Of course, she disagreed.

I've also ran across the "You must have done SOMETHING to loose custody" from the Principal of my son's school.  She even went as far as to say "You abandoned him" -- which is just parroting my EX and his fake-wife -- namely fake-wife.  Now, how many father's have been told they "abandoned" their child?  NCP status is accepted for fathers.  Not that I agree with that totally, and one at a time, this board helps improve life for the kids which includes keeping FATHER's as part of the children's lives.

Unfortunately, I won't participate even on this board because my EX and his fake-wife are still reading and printing off everything I post on these boards.  Then it gets passed on to DH's EX......and both of our boys suffer.  

And kitten, before you ask, NO, I did not give up custody, I was blackmailed into my decision.  The military cares about your personal life where was my EX's employer doesn't give a hoot.  My EX and fake-wife have told everyone that I abandoned my son -- and when I get the feeling that I've run into someone like that -- In about 20 words or less, I explain what really happened -- tell them the truth -- and let them get what they deserves after that.  They shouldn't have lied in the first place.

That doesn't mean I'm done learning.....

Every once in a while, I meet another NCP Mom.....so we're out here, and I commend this site for creating this board.  Many of our challenges ARE the same, but there are still differences.




olanna

and I actually complained about some of the treatment here, but it did no good.

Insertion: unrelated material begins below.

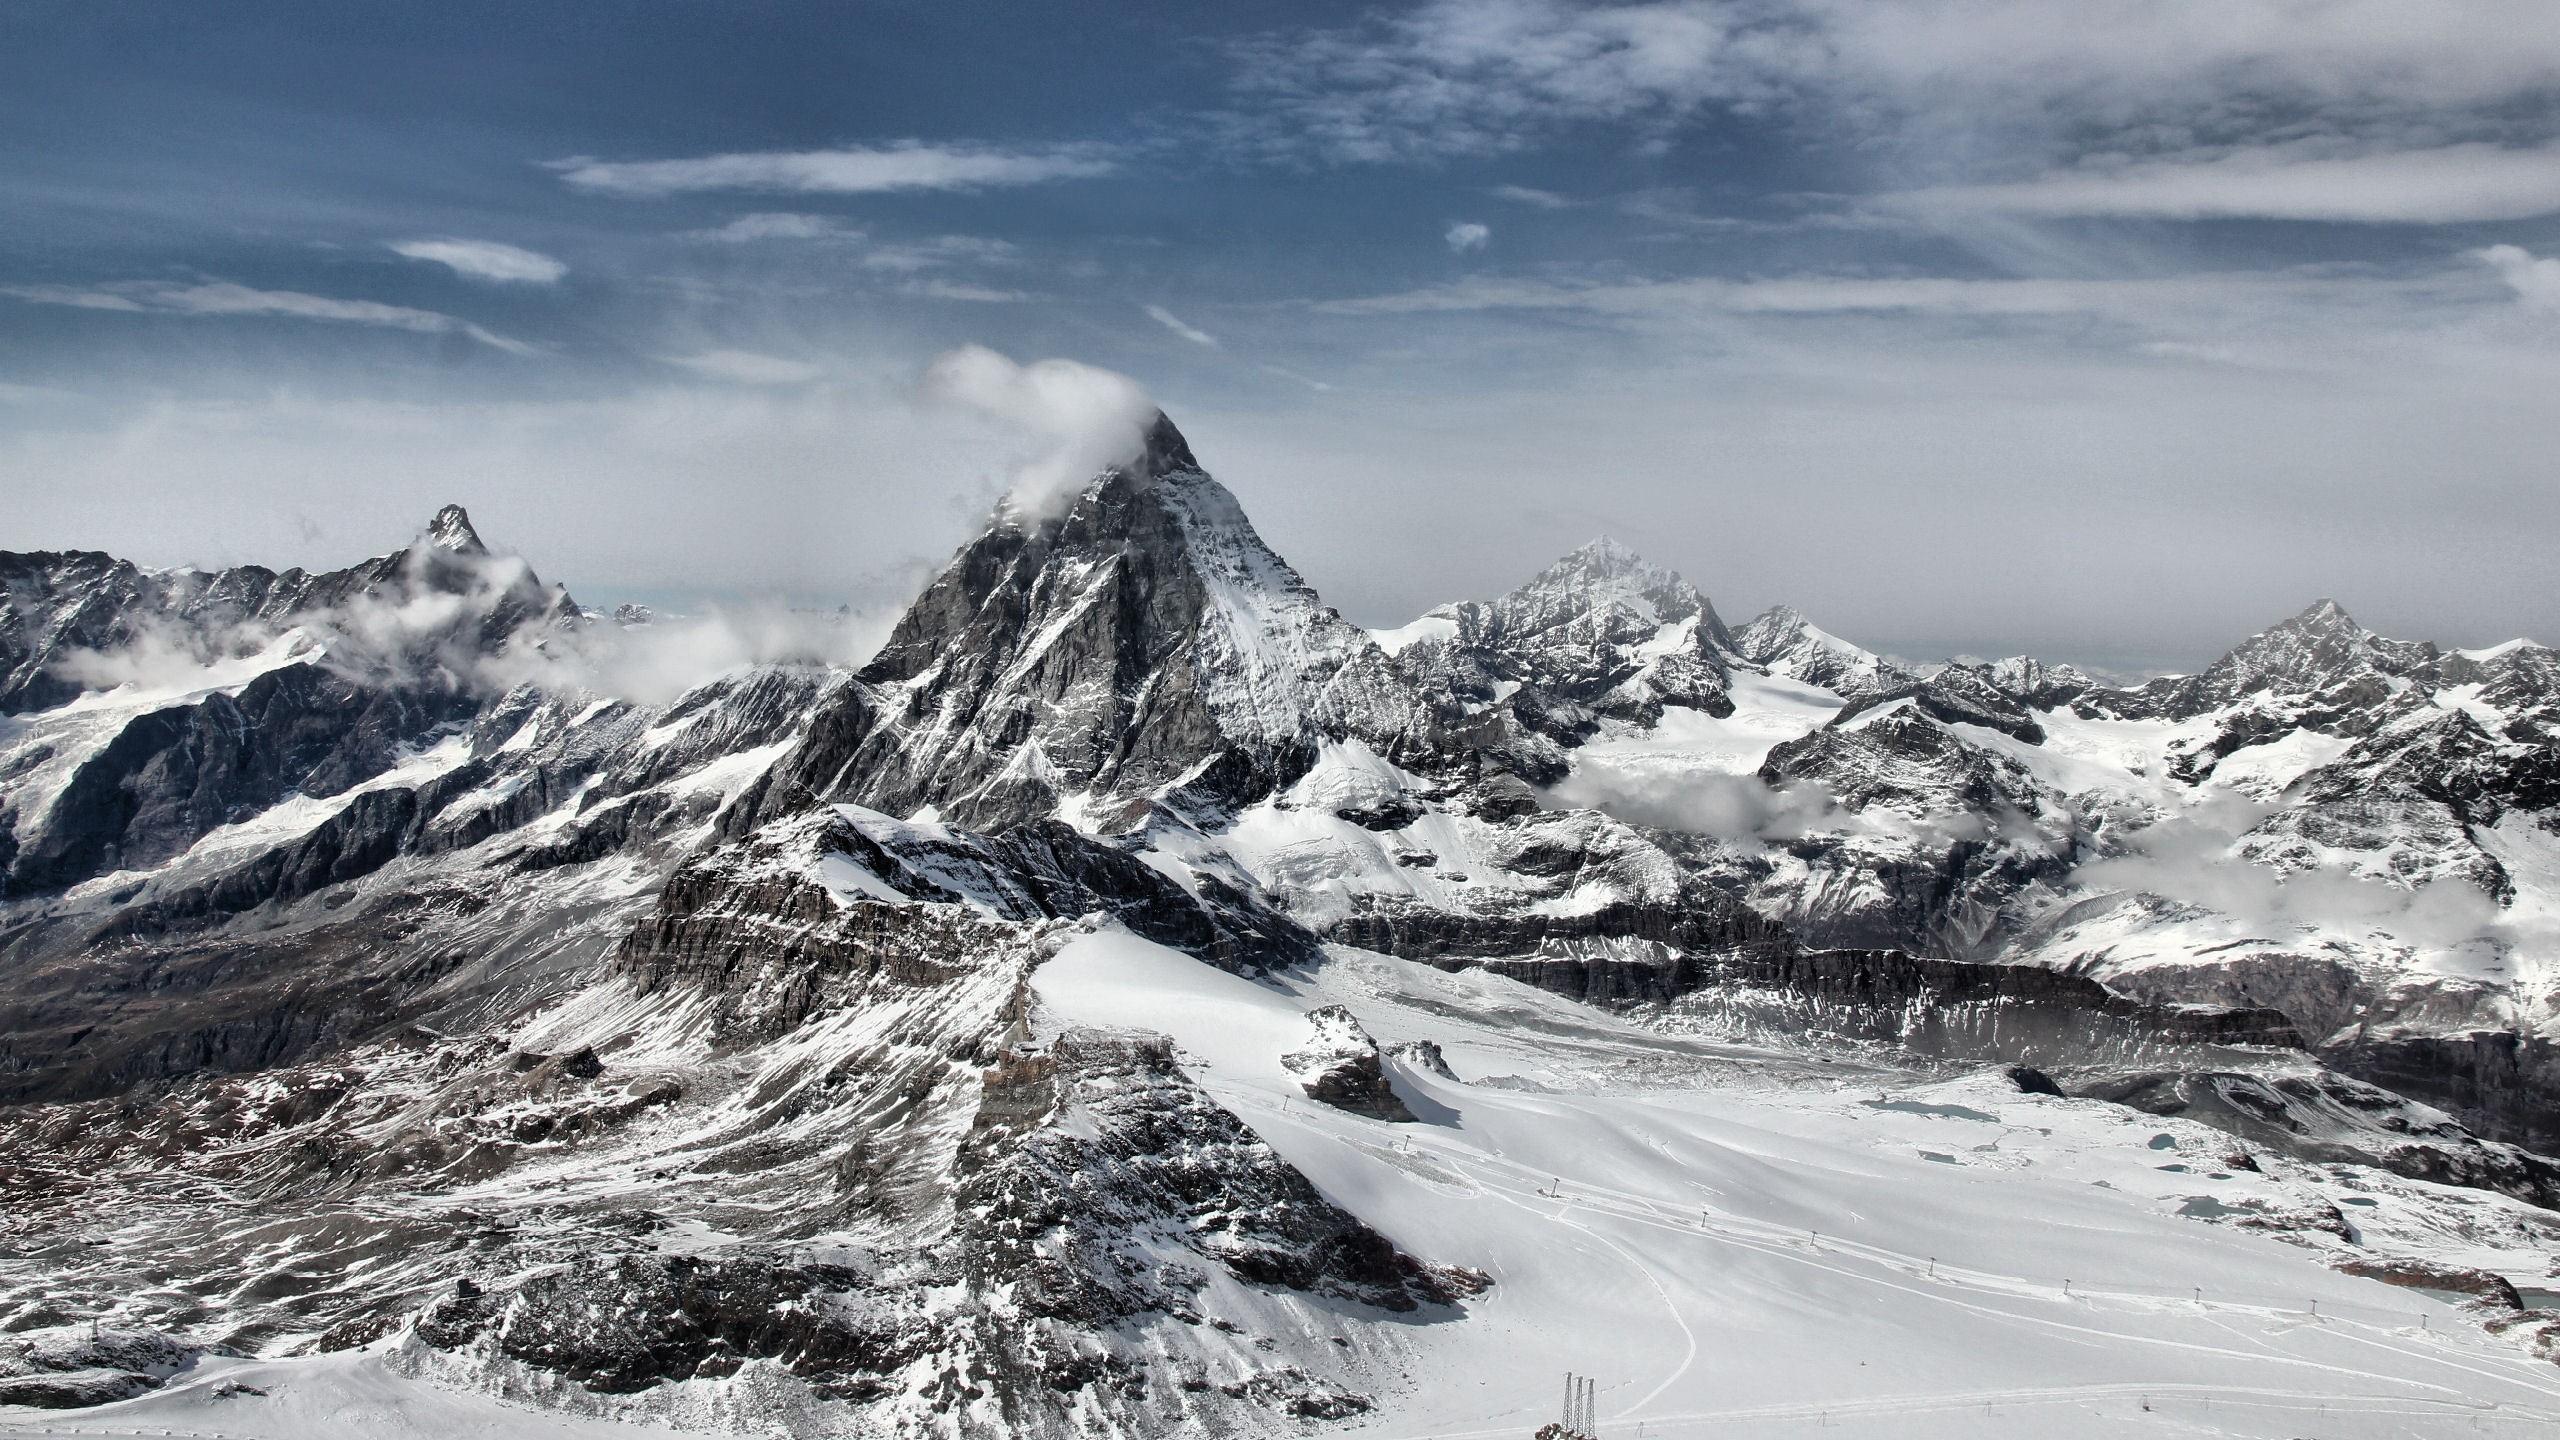 Wallpaper landscape, winter, mountain, peak, top, clouds, white

I was told it was a difference of opinion and in all reality, it was not. It was a condescending, insulting attitude coupled with questions that almost blatently called me a liar when I answered each question!

I know for a fact and I have seen it happen before so many times on this site, if a man had of been treated in the same fashion I was, mods would have stepped in very quickly to sway the conversation and remind all of us what this site is really all about, what is best for the kids. (One mod actually did say that, but I didn't see too much in the way of swaying the conversation...actually it was more the opposite).

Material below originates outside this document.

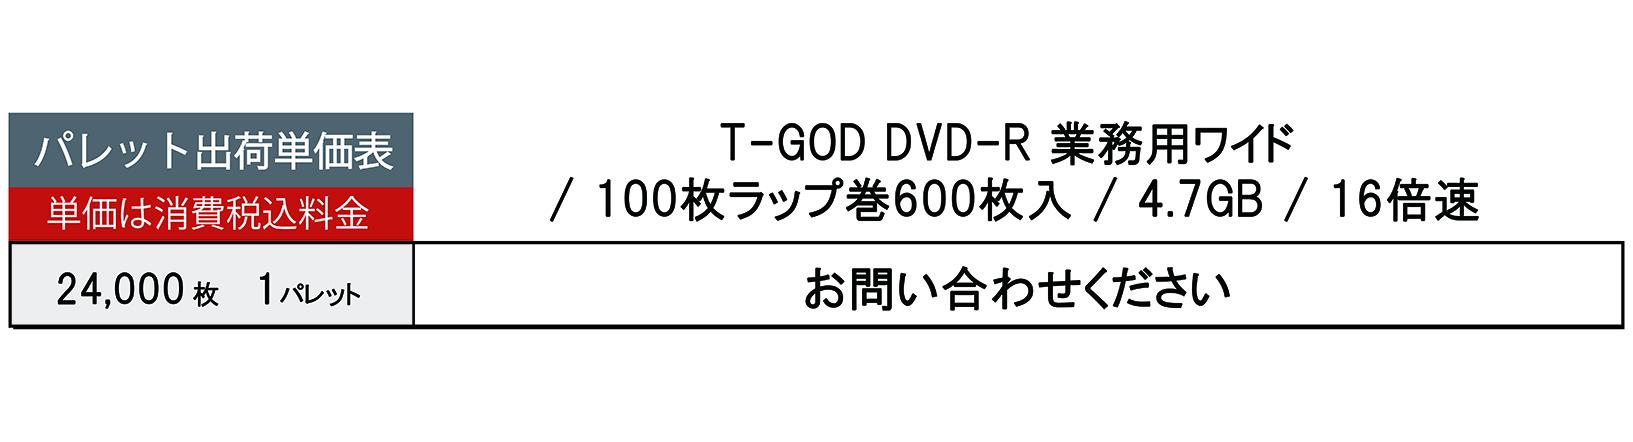 T-GOD大量注文
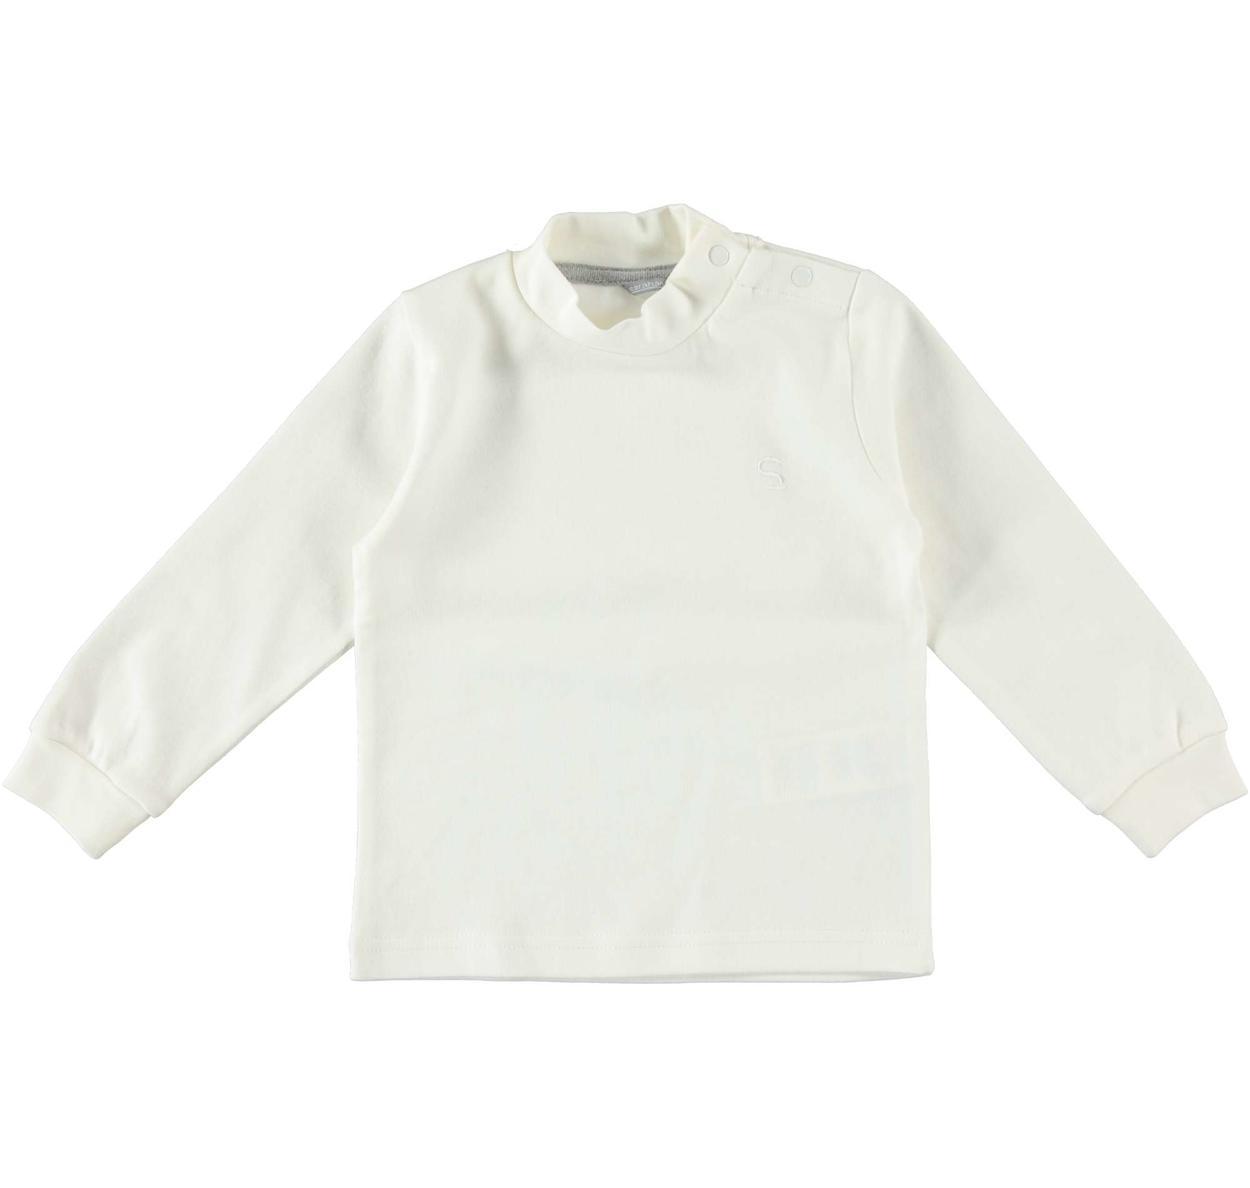 e8327740a8 Maglietta girocollo in tinta unita a manica lunga per bambino da 6 mesi a 7  anni Sarabanda

I was hoping that Dr. Jen was going to be available here to actually discuss some of these things, but she hasn't made a post since July 27th, so I guess she isn't really going to be a regular here.

The MWC board looks good and obviously could be a wonderful place of support and information.  It's going to be interesting to watch it and see what actually happens here.  

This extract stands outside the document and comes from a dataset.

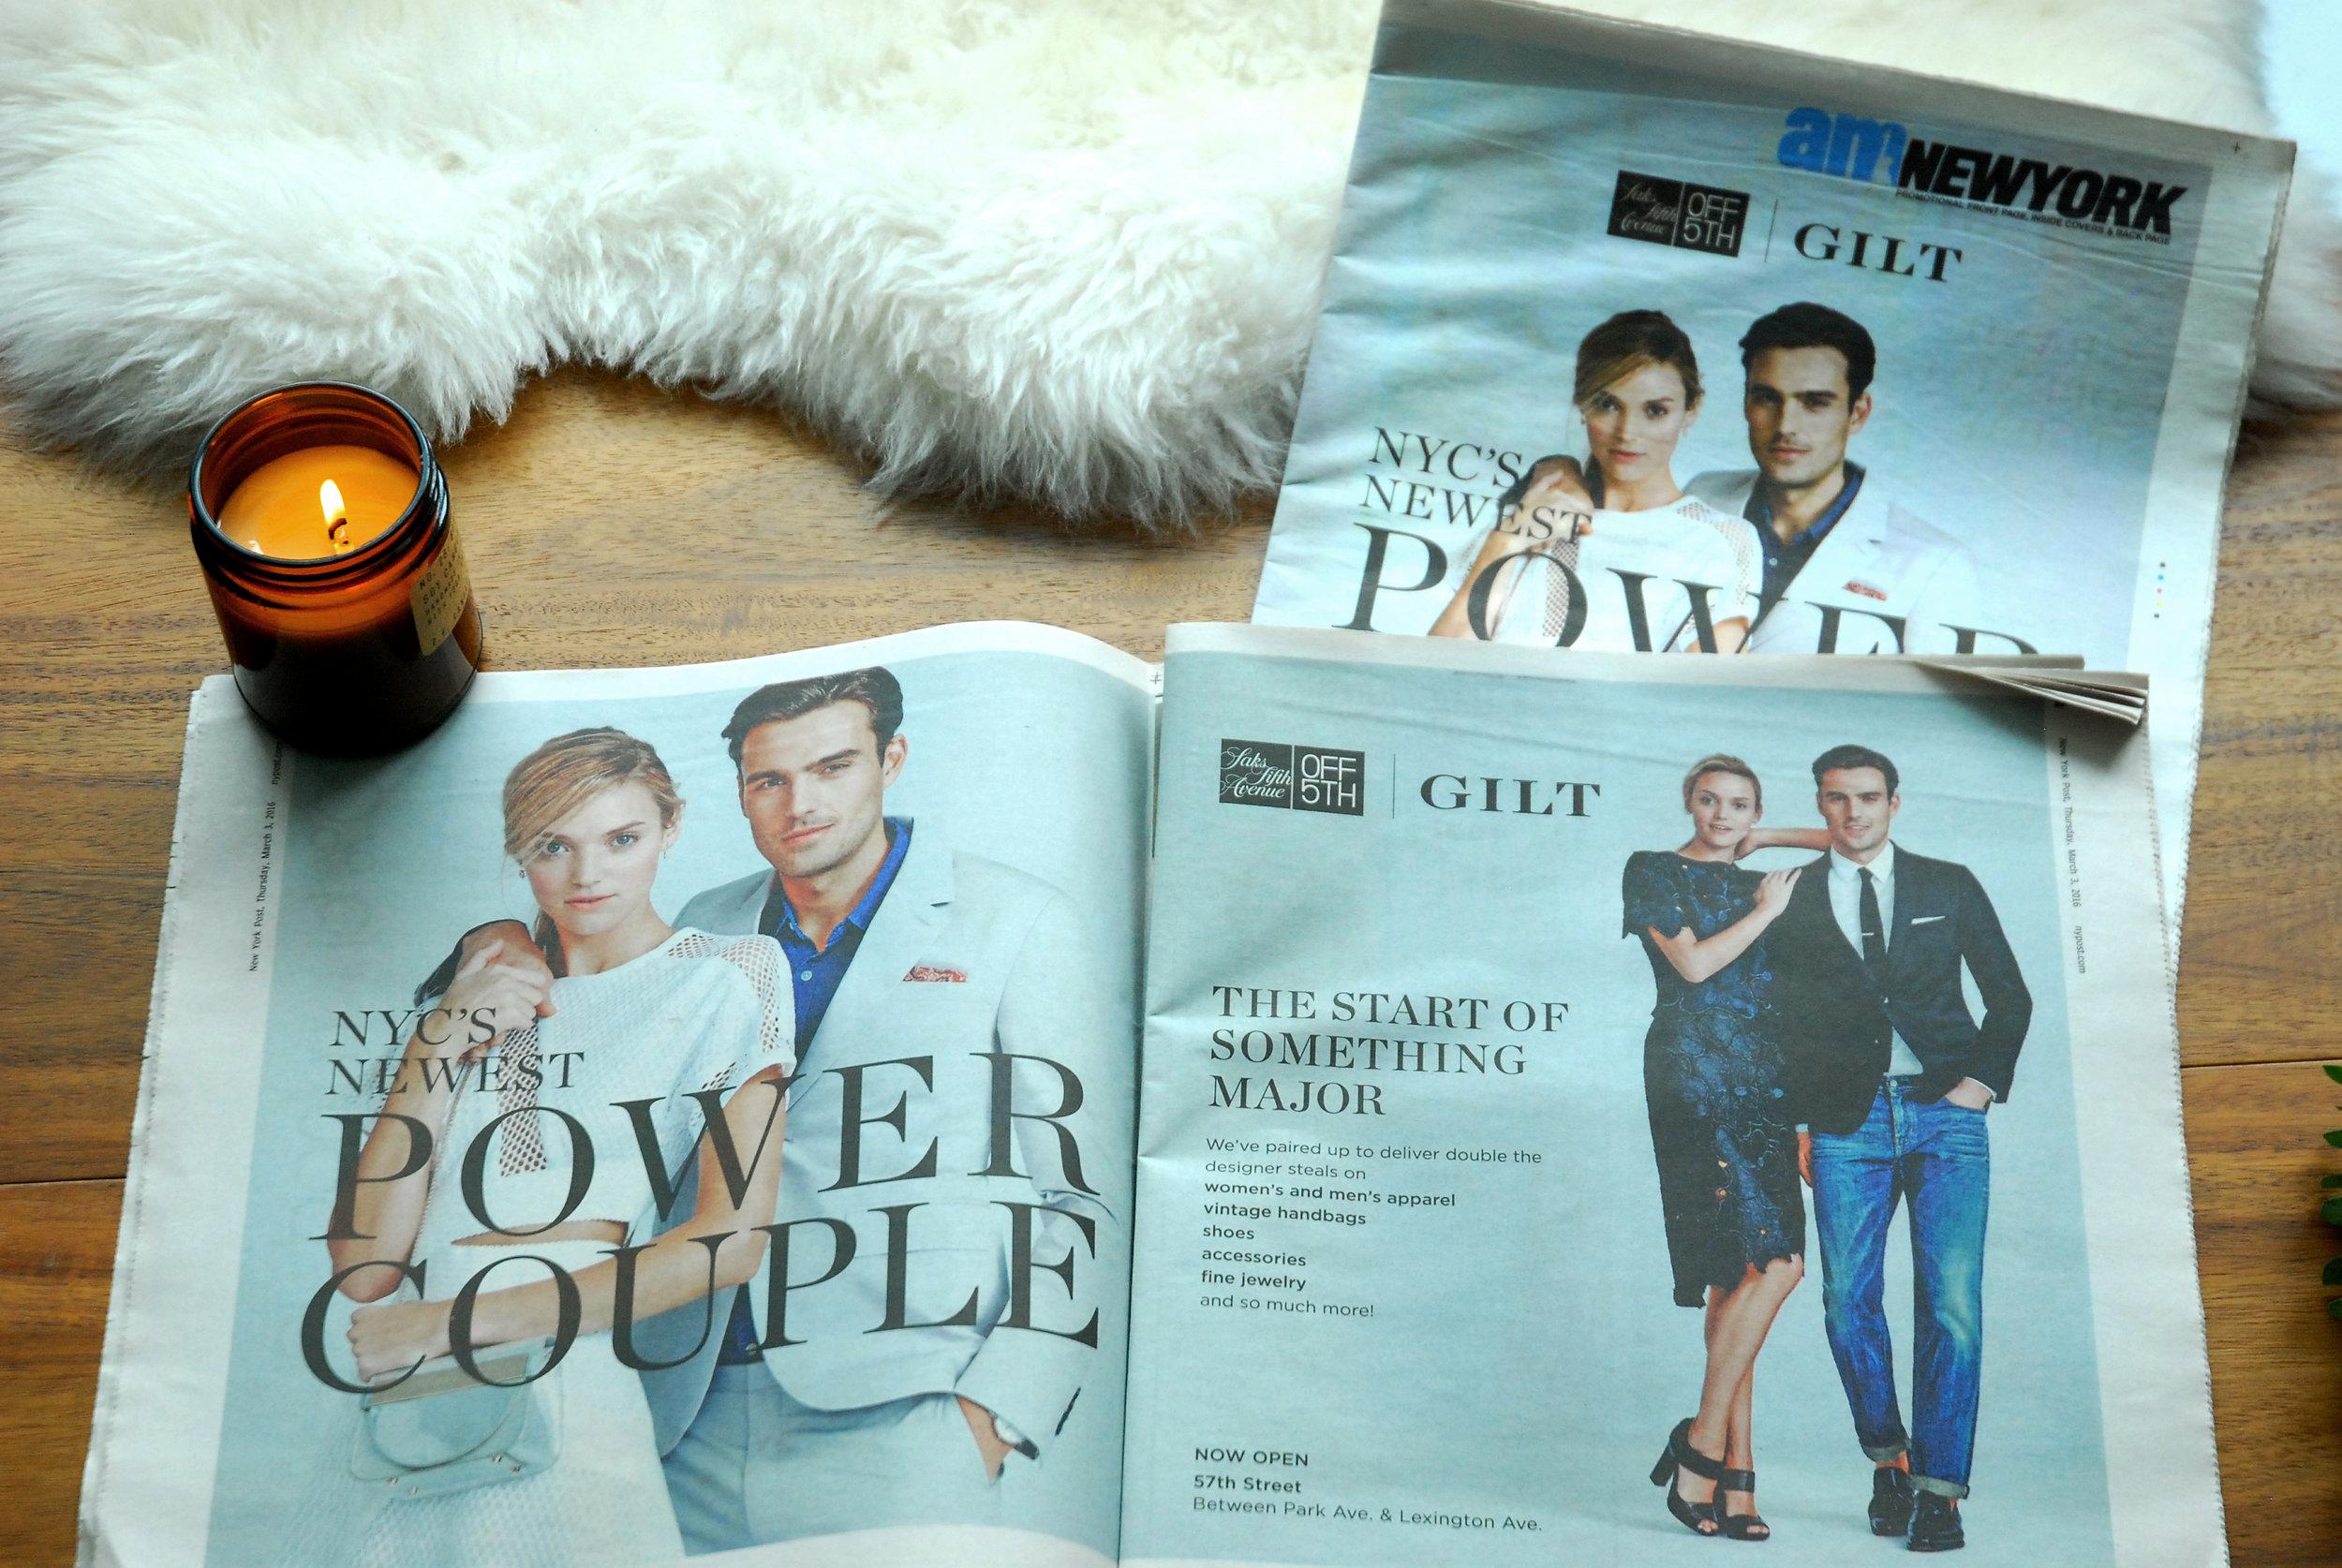 PC_news paper ad_01.jpg

I'm sorry you won't be participating here anymore.  I'm going to wait and see if this board actually takes off before I make any decisions.

Gecko

[em][font color=green]I too have been here since the "beginning of time" and I have said before that as an NCP Mother -- I never felt like I fit on a board or part of a board totally. [/em][/font]

I can't say I've been hear since the "beginning of time", but I was here for about a year a few years back, but quit because I didn't "belong" because even though I was/am a NCP, I was/am still a woman.  Pretty much the ONLY women welcomed to this board were women married to NC fathers.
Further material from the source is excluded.